Apabila bulan-bulan suci sudah berlalu, orang-orang musyrik itu boleh saja diperangi di mana saja kalian jumpai mereka, tangkap dan kepunglah mereka pada setiap tempat penjagaan. Tapi, apabila mereka telah bertobat, telah melaksanakan shalat dan mengeluarkan zakat, biarkanlah mereka bebas berjalan. Sesungguhnya Allah Maha Pengampun dan Penyayang. Dan apabila ada seseorang dari pihak musyrik itu meminta perlindungan kepada kalian, lindungilah ia supaya ia sempat mendengar Firman Allah, kemudian antarkanlah ia ke tempat yang aman. Demikianlah, sebab mereka orang-orang yang tak mengetahui.
Bagaimana mungkin di hadapan Allah dan Rasul-Nya akan ada suatu perjanjian dengan orang-orang musyrik; kecuali yang telah kalian adakan dengan mereka di dekat Masjid Al-Haram. Maka, selama mereka berlaku lurus kepada kalian, hendaklah kalian berlaku lurus juga kepada mereka. Sebab, Allah menyukai orang-orang yang teguh dalam kebenaran. Bagaimana mungkin (ada perjanjian demikian itu), padahal bilamana mereka dapat menguasai kalian, mereka tak akan menghormati kalian, baik dalam tali kekeluargaan maupun dalam perjanjian. Mereka menyenangkan kalian dengan mulut (manis), tapi hati mereka sebaliknya. Dan kebanyakan mereka adalah orang-orang fasik.
Ayat-ayat Tuhan mereka jual dengan harga sedikit dan mereka mau menghalangi orang dari jalan Allah. Memang, buruk sekali perbuatan mereka itu. Mereka tak lagi menghormati orang beriman, baik dalam kekeluargaan maupun dalam perjanjian. Mereka itulah orang-orang yang melanggar batas. Akan tetapi, bila mereka bertobat, menjalankan sembahyang, dan mengeluarkan zakat, maka mereka itu saudara-saudaramu seagama. Ayat-ayat itu Kami uraikan kepada mereka yang mau mengerti. Tapi, bilamana mereka telah melanggar sumpah mereka sendiri setelah perjanjian mereka itu, dan mereka memaki agamamu, maka perangilah pemuka-pemuka orang kafir itu; mereka orang-orang yang tak dapat menahan diri.

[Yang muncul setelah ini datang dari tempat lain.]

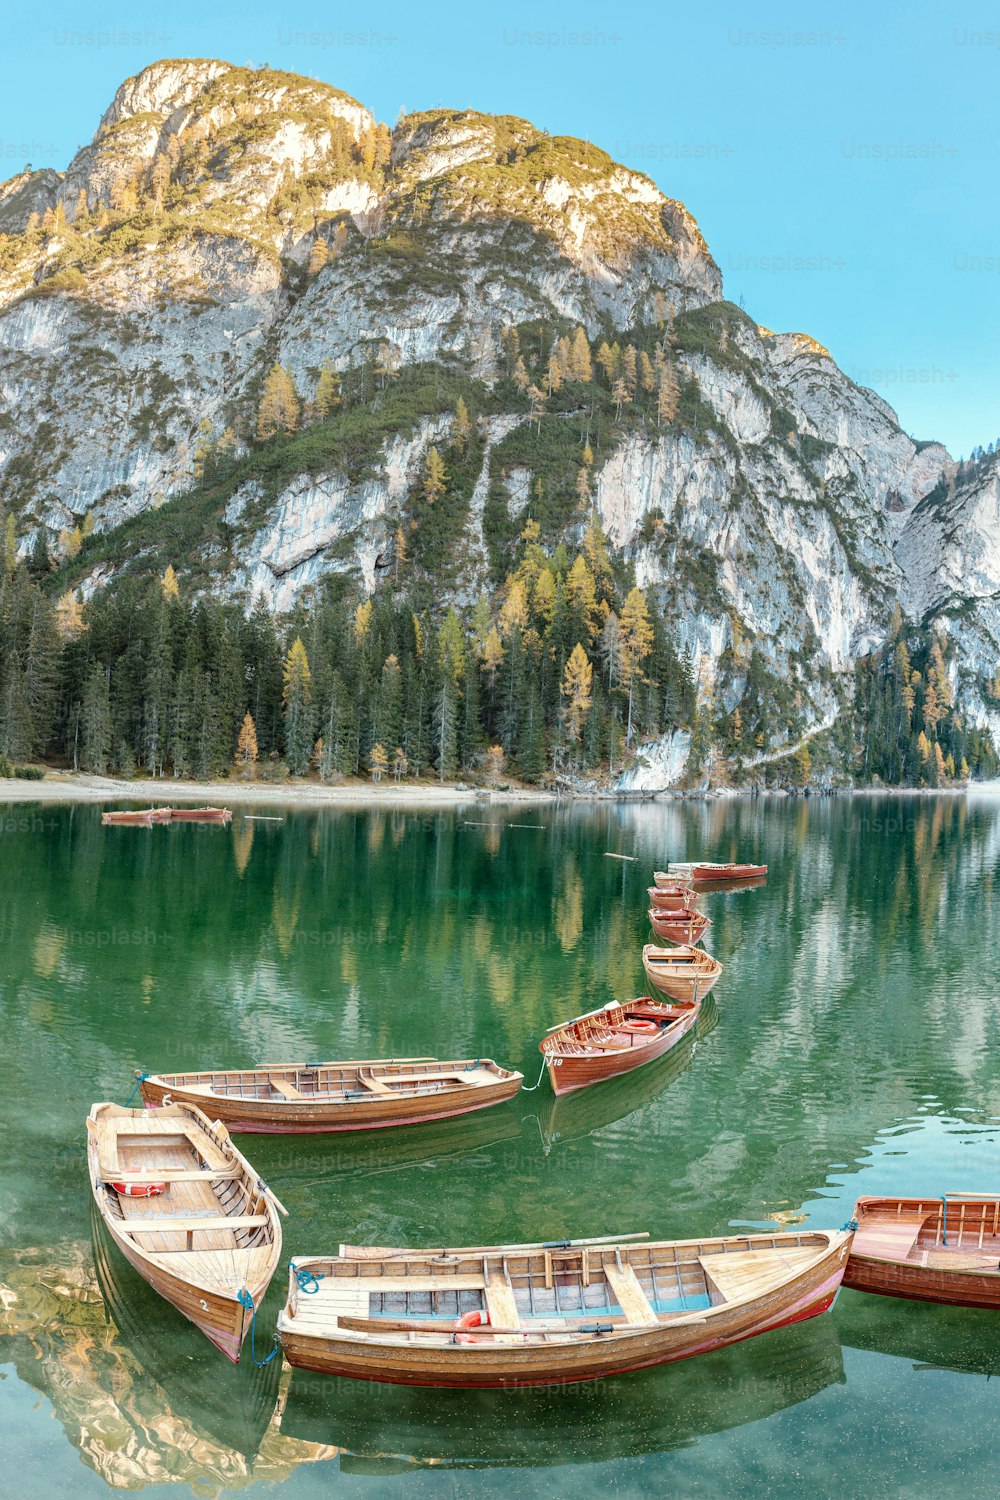 Un magico paesaggio panoramico con i colori calmi del famoso lago di Braies nelle Alpi dolomitiche durante la stagione autunnale. Una popolare attrazione turistica

Kalian tak mau melawan golongan yang telah melanggar sumpahnya sendiri. Padahal, mereka telah berkomplot hendak mengusir Rasul, dan mereka itulah yang pertama kali mulai memerangi kalian. Takutkah kalian kepada mereka? Padahal, Allah yang harus lebih ditakuti, kalau kalian orang-orang yang beriman. Lawanlah mereka itu! Tuhan akan menyiksa mereka melalui tangan kalian. Allah akan menista mereka dan akan menolong kalian melawan mereka, akan melegakan hati orang-orang beriman. Tuhan akan menghapuskan kemarahan hati mereka, akan menerima tobat siapa saja yang dikehendaki-Nya. Allah Maha Mengetahui, Mahabijaksana. Adakah kalian mengira bahwa kalian akan dibiarkan begitu saja? Padahal, Allah belum membuktikan kalian yang benar berjuang dan tidak pula mengambil teman akrabnya selain Allah, Rasul, dan orang-orang beriman. Allah Maha Mengetahui apa yang kalian perbuat.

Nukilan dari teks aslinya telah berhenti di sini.